Material provided
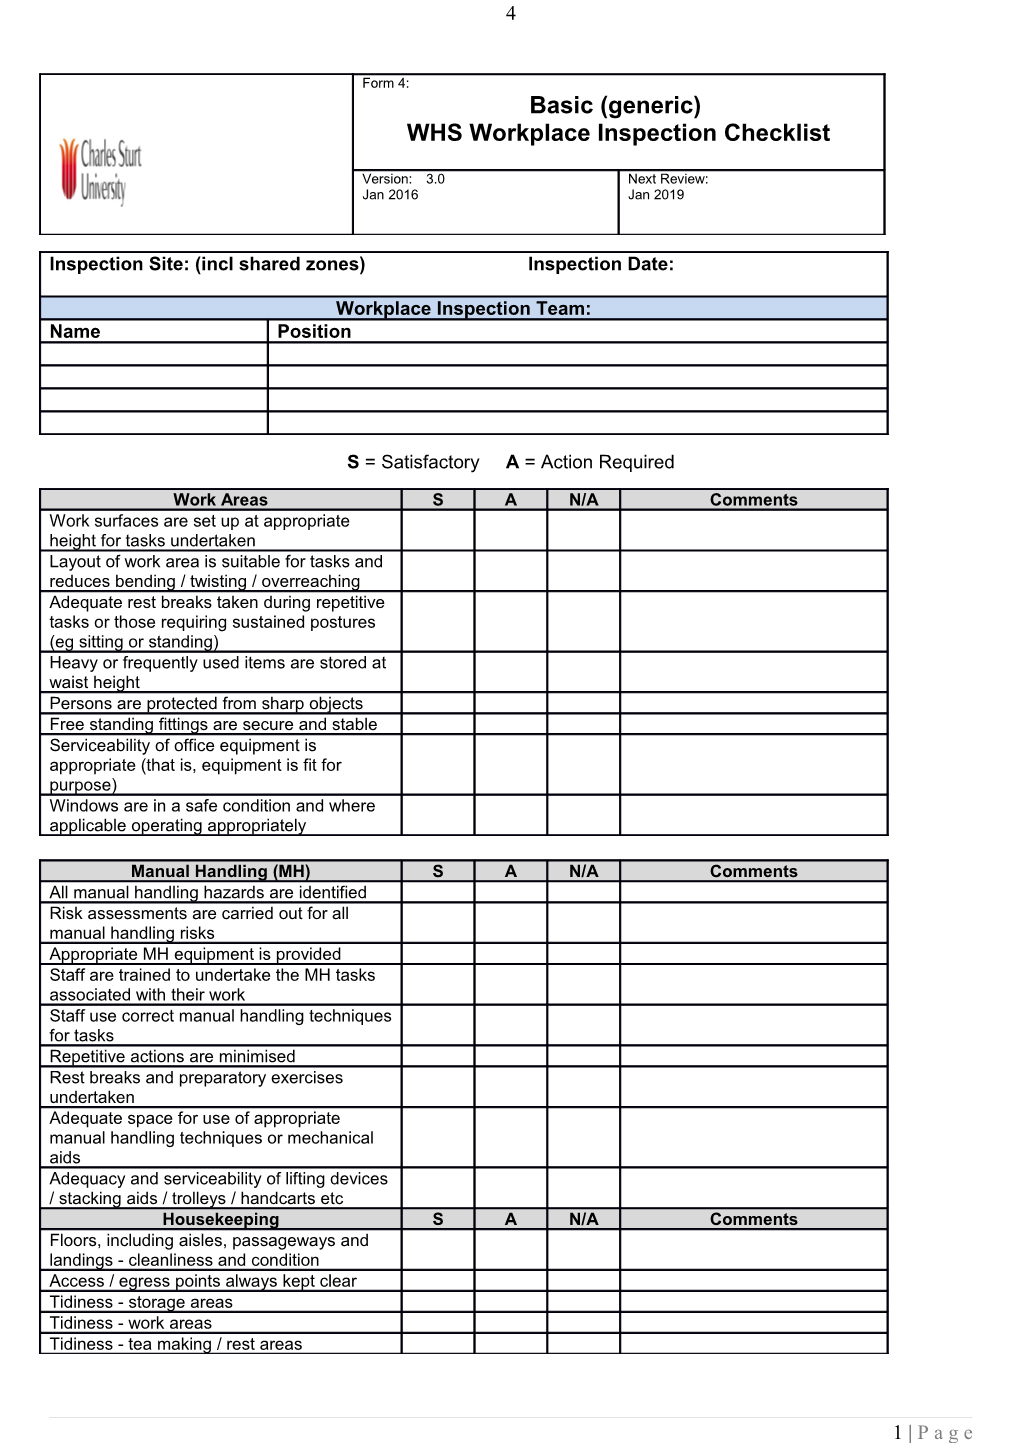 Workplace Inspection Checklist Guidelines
* * *
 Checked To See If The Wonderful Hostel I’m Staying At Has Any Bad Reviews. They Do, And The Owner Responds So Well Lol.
--
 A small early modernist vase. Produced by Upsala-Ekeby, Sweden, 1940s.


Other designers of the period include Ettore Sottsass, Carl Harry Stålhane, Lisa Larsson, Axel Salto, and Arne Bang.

The problem
Within the data above, the span starting at the line containing "A small early" and ending at the line containing "Other designers of" is to be retyped exactly, with no other lines.

Written answer
 A small early modernist vase. Produced by Upsala-Ekeby, Sweden, 1940s.


Other designers of the period include Ettore Sottsass, Carl Harry Stålhane, Lisa Larsson, Axel Salto, and Arne Bang.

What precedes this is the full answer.